[[ MATERIAL PROVIDED open ]]

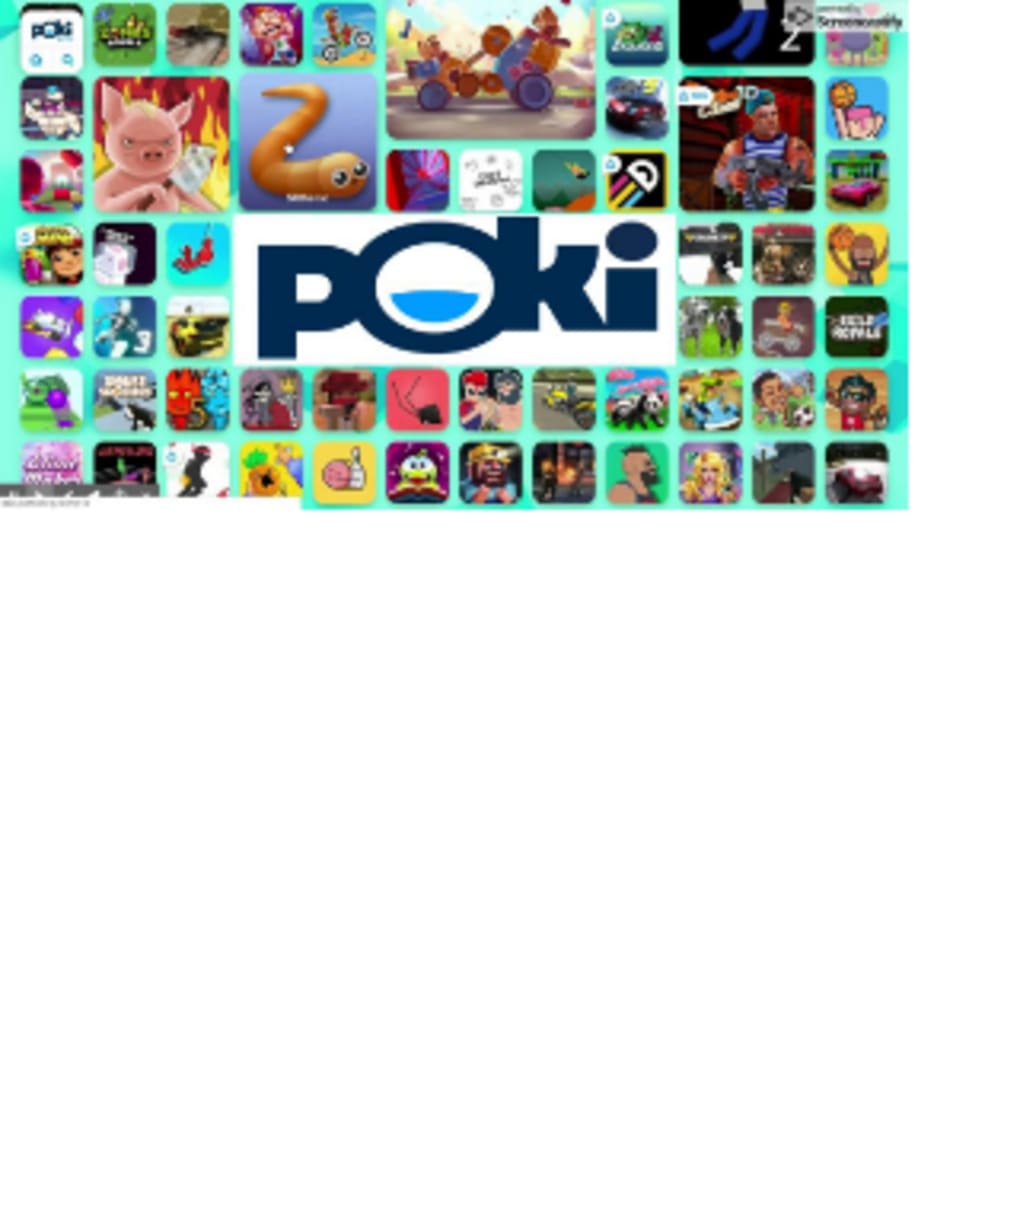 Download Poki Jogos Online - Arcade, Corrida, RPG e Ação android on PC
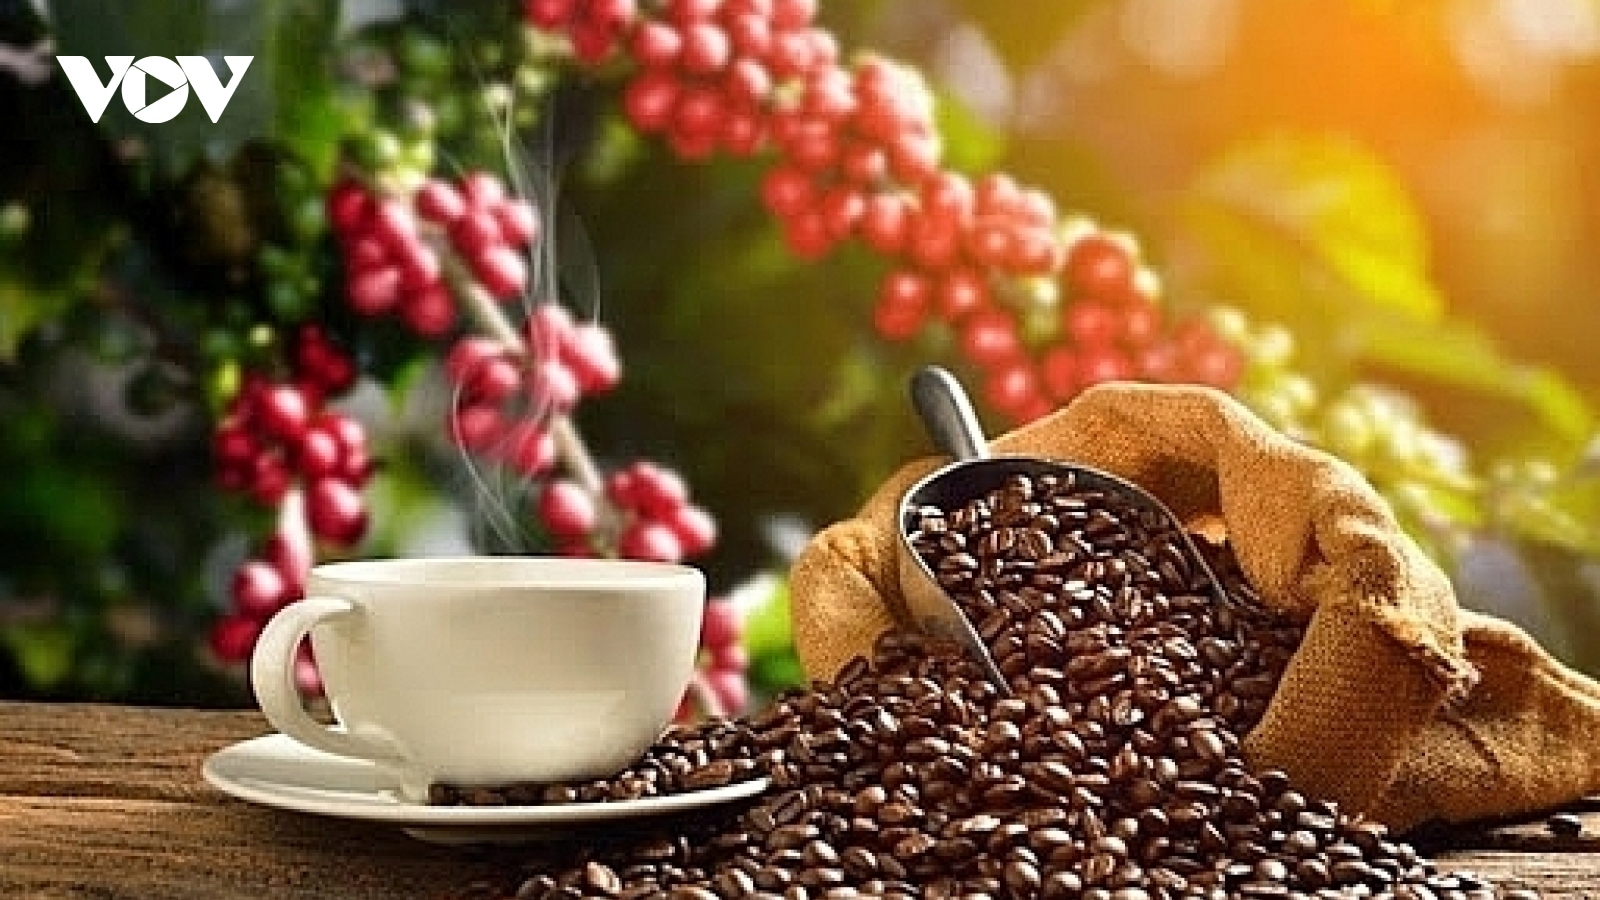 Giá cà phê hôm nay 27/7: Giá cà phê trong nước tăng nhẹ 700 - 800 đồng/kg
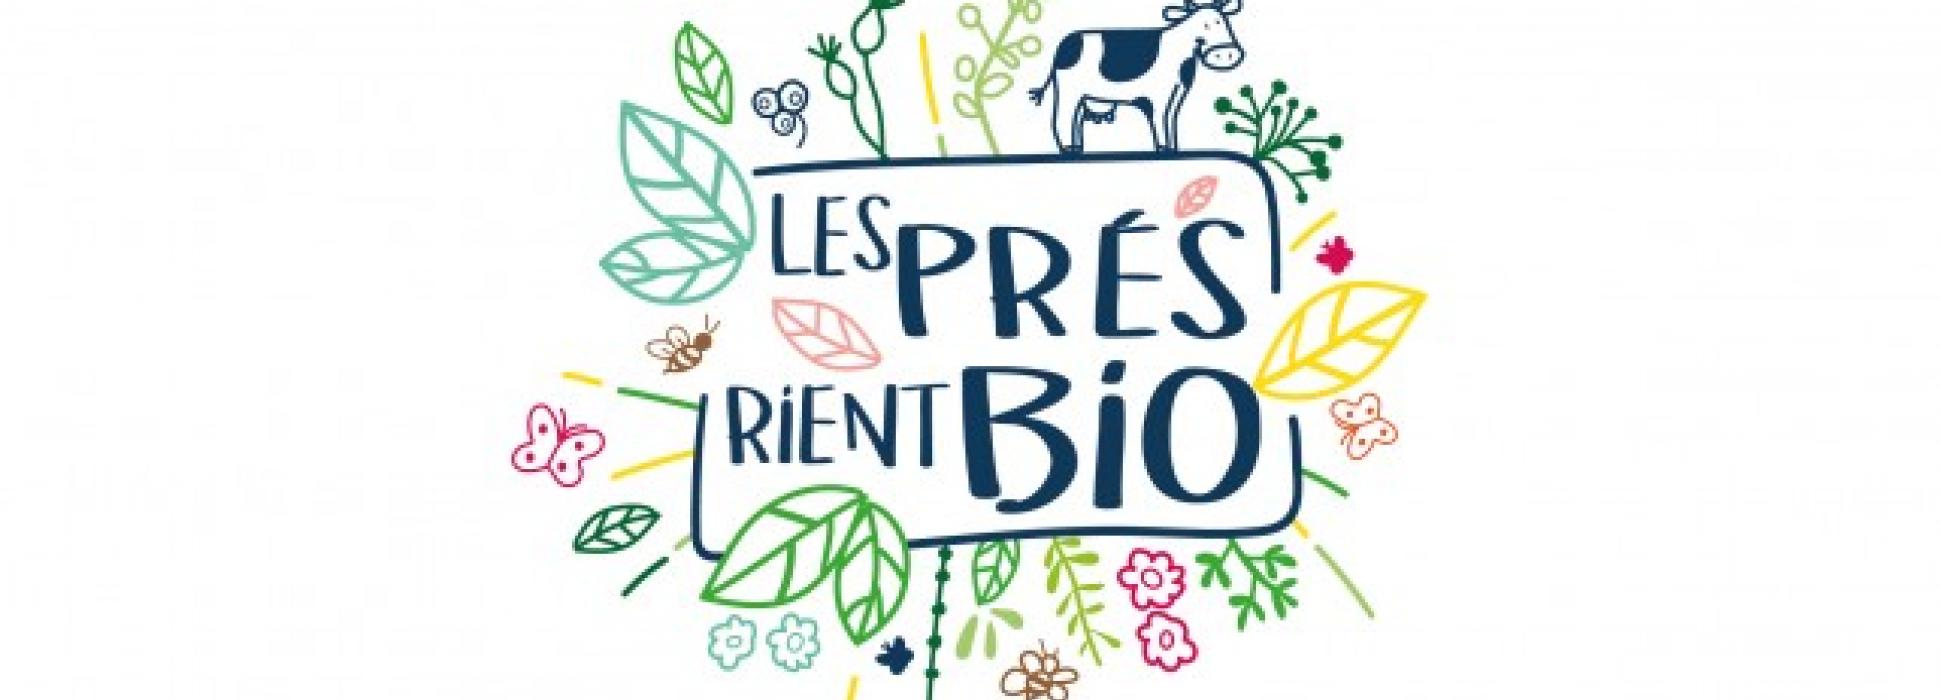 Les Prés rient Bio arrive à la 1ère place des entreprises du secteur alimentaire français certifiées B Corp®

[[ MATERIAL PROVIDED closed ]]

## HOW TO COMPLETE THIS TASK
Exactly as written, copy out the listing, but without any pictures.

## EXERCISE SOLUTION
 Download Poki Jogos Online - Arcade, Corrida, RPG e Ação android on PC
 Giá cà phê hôm nay 27/7: Giá cà phê trong nước tăng nhẹ 700 - 800 đồng/kg
 Les Prés rient Bio arrive à la 1ère place des entreprises du secteur alimentaire français certifiées B Corp®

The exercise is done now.